Abigail (Sarah Power) remains my favorite character. While she incessantly smiles exactly like Cassie does, but I love how Power owns her devious looks and her passive-aggressive mannerisms. It really tickles me to no end. Even to see her get so worked up over getting a man in her life, like Greg (Chad Connell), was an interesting twist. Not to mention, loved the new red hair. A nice contrast to the raven-maned Cassie, and the bombshell blonde that is Stephanie. As per usual, Abigail is just a lot of fun to watch and brings a better sense of mystery behind her motives and actions.

I know it’s sad to say, but I really miss Hannah Endicott-Douglas. She was such a sweet element from the movies that it’s such a shame that she gets so unceremoniously written off the show. I have to wonder why. I know by this point in the story she should technically be in her early thirties, but they aged up Brandon’s character to fit Dan Jeannotte from the younger Matthew Knight, and recast Tara (Rebecca Dalton) from Ashley Leggat, so why was Lori a casualty? I know, I know, she was in season one, but she’s barely even referenced this season. I take that back, she’s never referenced. By God, they’ll reference Jake ’till kingdom come, but Heaven forbid that Brandon’s sister ever get a nod as to what she’s up to. Ugh… frustrations…

Why am I so emotionally invested in this sappy show?!

It’s possible that I’m going to give this show a break for awhile, just because I would like to review actual movies. But I intend to review season three at some point in the future. Stay tuned, I suppose.

My honest rating for GOOD WITCH (Season 2): 3/5


2 Replies to “Netflix review: GOOD WITCH (Season 2)”

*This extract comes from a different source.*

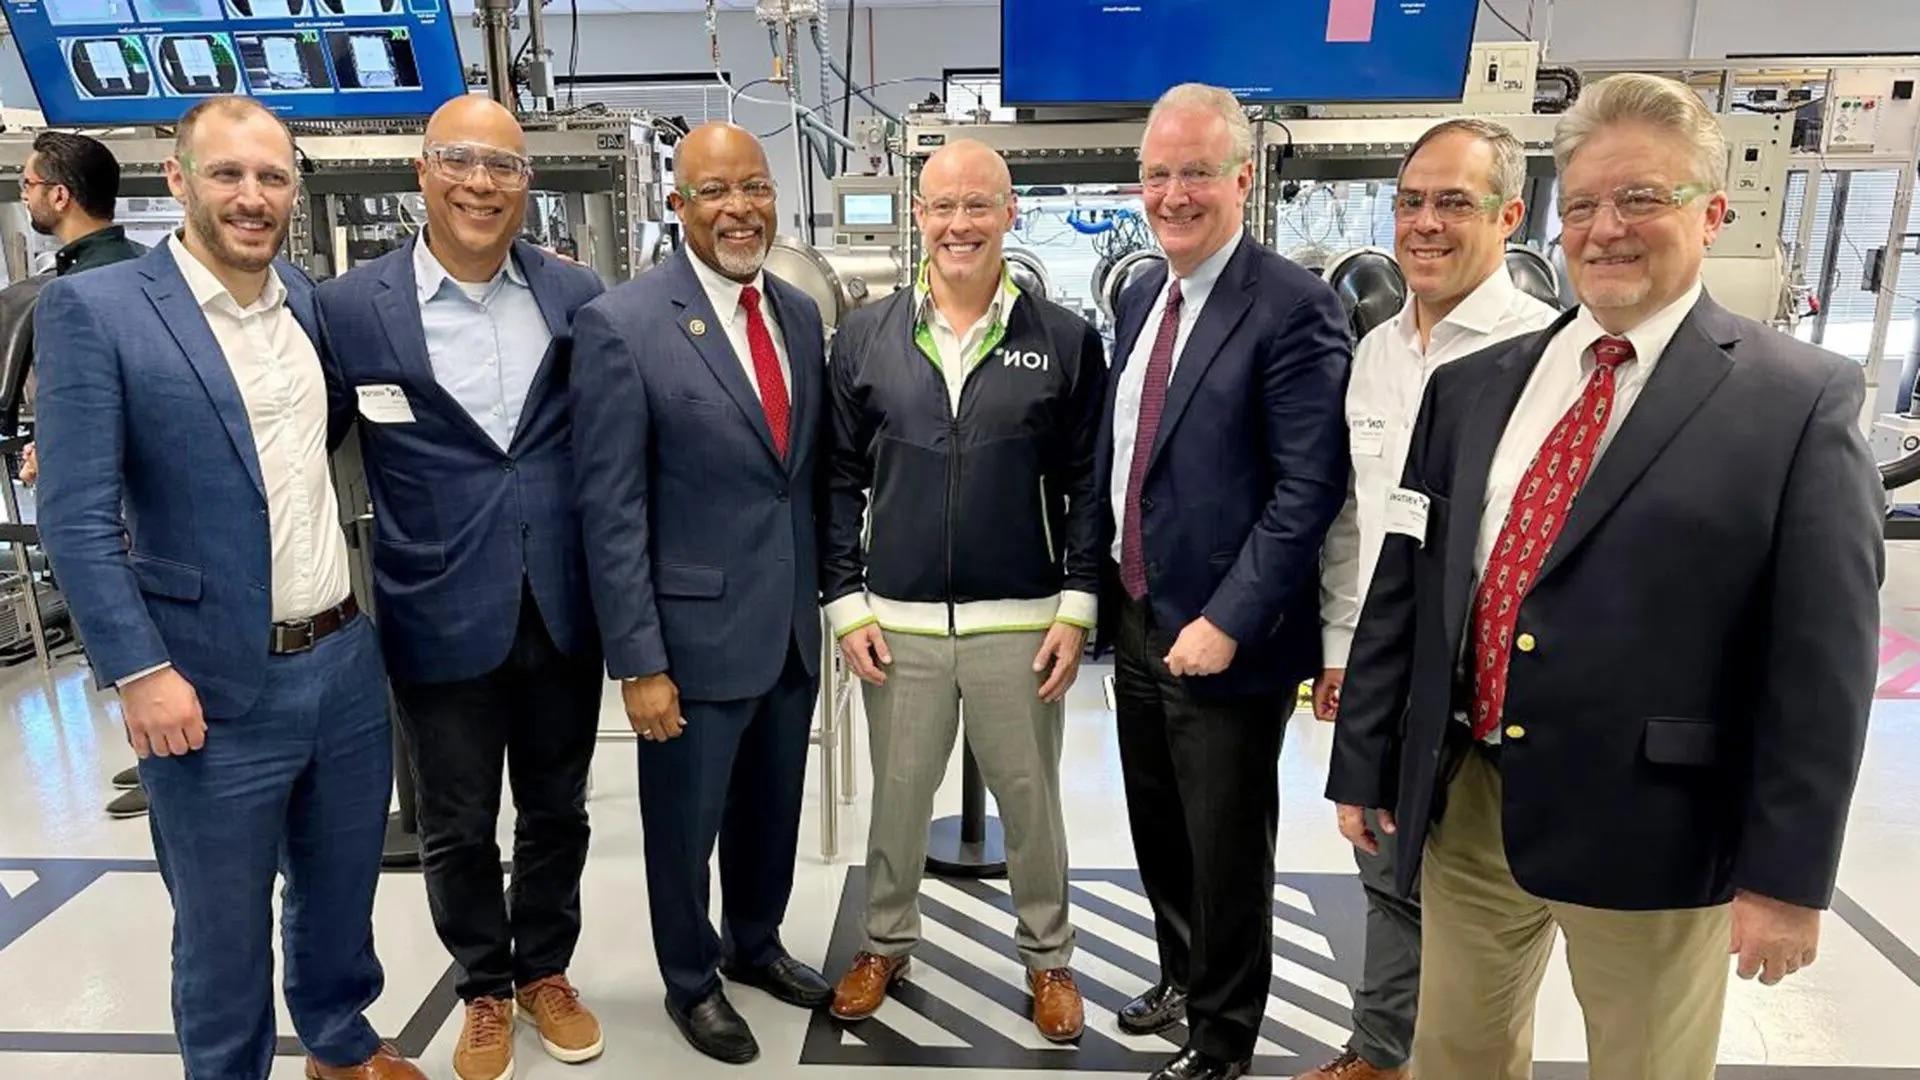 From left: Ion Storage Systems founder and Executive Chair Eric Wachsman, Todd Crescenzo of Clear Creek Investments, U.S. Sen. Chris Van Hollen, Ion Storage Systems CEO Ricky Hanna, U.S. Rep. Glenn Ivey, Mark Fields of Alsop Louie, Ion Storage Systems founder and Chief Technology Officer Greg Hitz

  1. so confusing/random that they recast tara! & i also don’t understand why anthony (grace’s supposed best friend in season 1) got written off, either. he and grace had a nice, realistic friendship. i also don’t understand why i like this show so much, it’s honestly cringe inducingly cheesy/sappy a lot of the time… but i do! a lot of the show gives me ‘gilmore girls’ vibes, i think they borrowed/ripped off the stars hollow/small town thing with the single mother/daughter dynamic, the town square & festivities, the overinvolved, annoying mayor (martha, who is this show’s taylor doose). also, the coffee shop where everyone meets up (in this show, the ‘bistro cafe’, which is a hilarious name; luke’s in gilmore girls).